I am strongly persuaded that he molested children. This casts much of his character (his philanthropy, his generosity) in a different light: the deeds of a manipulator trying to escape consequences. It makes his war against the paparazzi far less sympathetic. I hear “You keep on stalking me, invading my privacy. Won’t you just let me be.“, remember Robson’s story about finding bloodstains in his underwear, and accept that maybe Michael’s privacy should, in fact, have been invaded. The paranoid tenor of his later work seems less fanciful: it was no delusion, because Michael actually had everything to hide.
His fans are awful. He was incredibly talented as a musician, but in the 90s this talent was eclipsed by a different skill: building and leading a kind of cult. He is a fascinating example of a secular religious icon, and to this day, living Thriller zombies haunt Twitter and Tiktok, circulating his apologetics. The basic thrust is that everything that went wrong for Michael – his finances, his appearance, his death – was someone else’s fault.

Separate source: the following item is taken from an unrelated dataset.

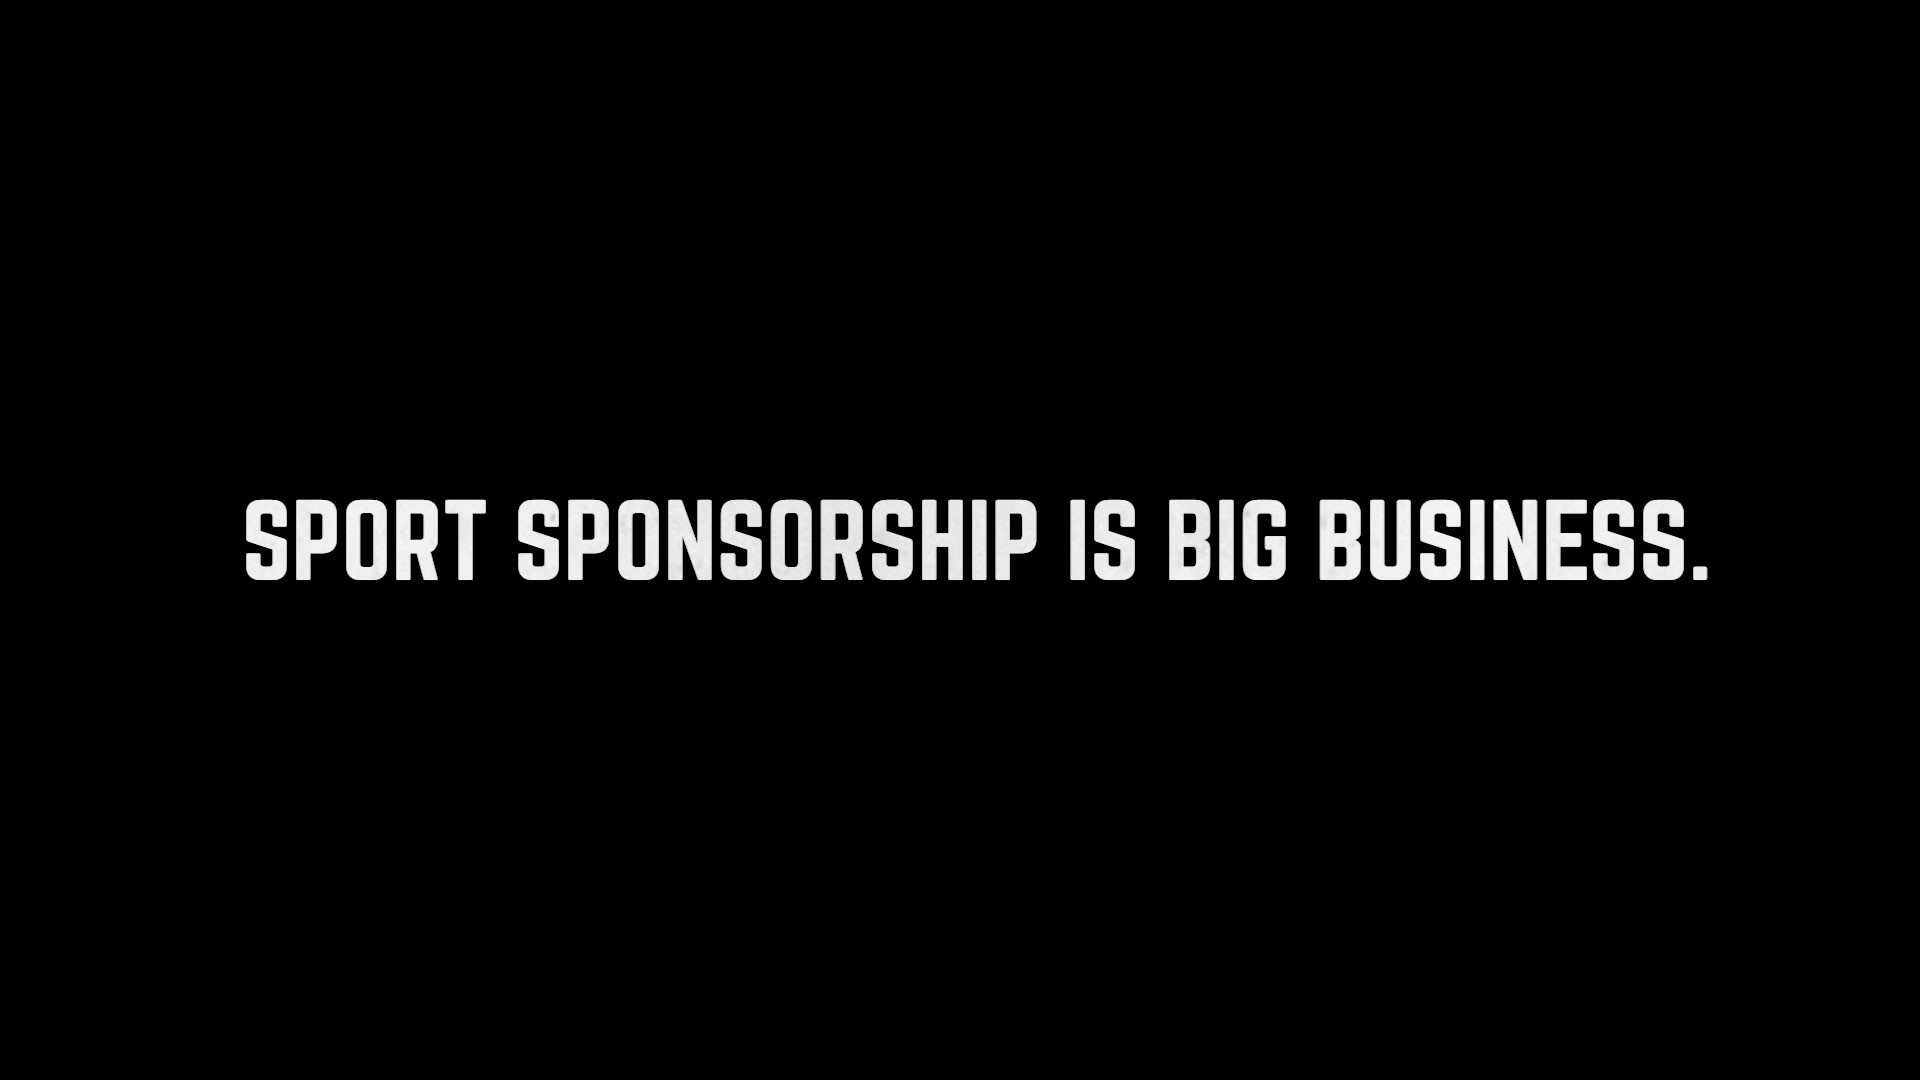 Dare to sponsor

There’s a grain of truth to this. Michael Jackson never had a chance at living a normal life. But his fans ignore Michael’s agency (and four hundred million records sold buys a lot of agency), objectifying him to the level of a puppet.
Did Conrad Murray cause his death? Yes, the Jackobots say. He gave him surgical anesthetic as a sleeping aid! Bad doctor! They don’t ask the next question: who hired Conrad Murray to do this? Answer: Michael. They also don’t ask what would have happened if Murray had refused this stupid and insane order. Answer: Michael would have fired him, and found a different doctor.
The same can be said for the ruin of Michael’s face, his oversized chin implant, the nose whittled away like a blade, etc. Unneeded operations. But what would be the point of a plastic surgeon refusing to perform them? Michael had endless money to indulge his body dysmorphia. He would just go to someone else. The problem was always Michael. His story is one of tragedy, victimization, and self-destruction.
But self-destructive people can make fascinating art, and this was Michael’s saving grace. I’d like to pretend his recording career ended with HIStory. That album, like the one before, was a paranoid, sweaty jumble of blame-laying and resentment. Disturbing though it was, it made for compelling listening. You felt you were getting ringside seats for a man’s breakdown, and you got some strong songs, too: “Scream” and “Stranger in Moscow” kick the shit out of everything on this album. There’s a class of words in English better known by their opposites (gruntled, hinged, domitable, and so on). Michael Jackson’s last album is very vincible indeed.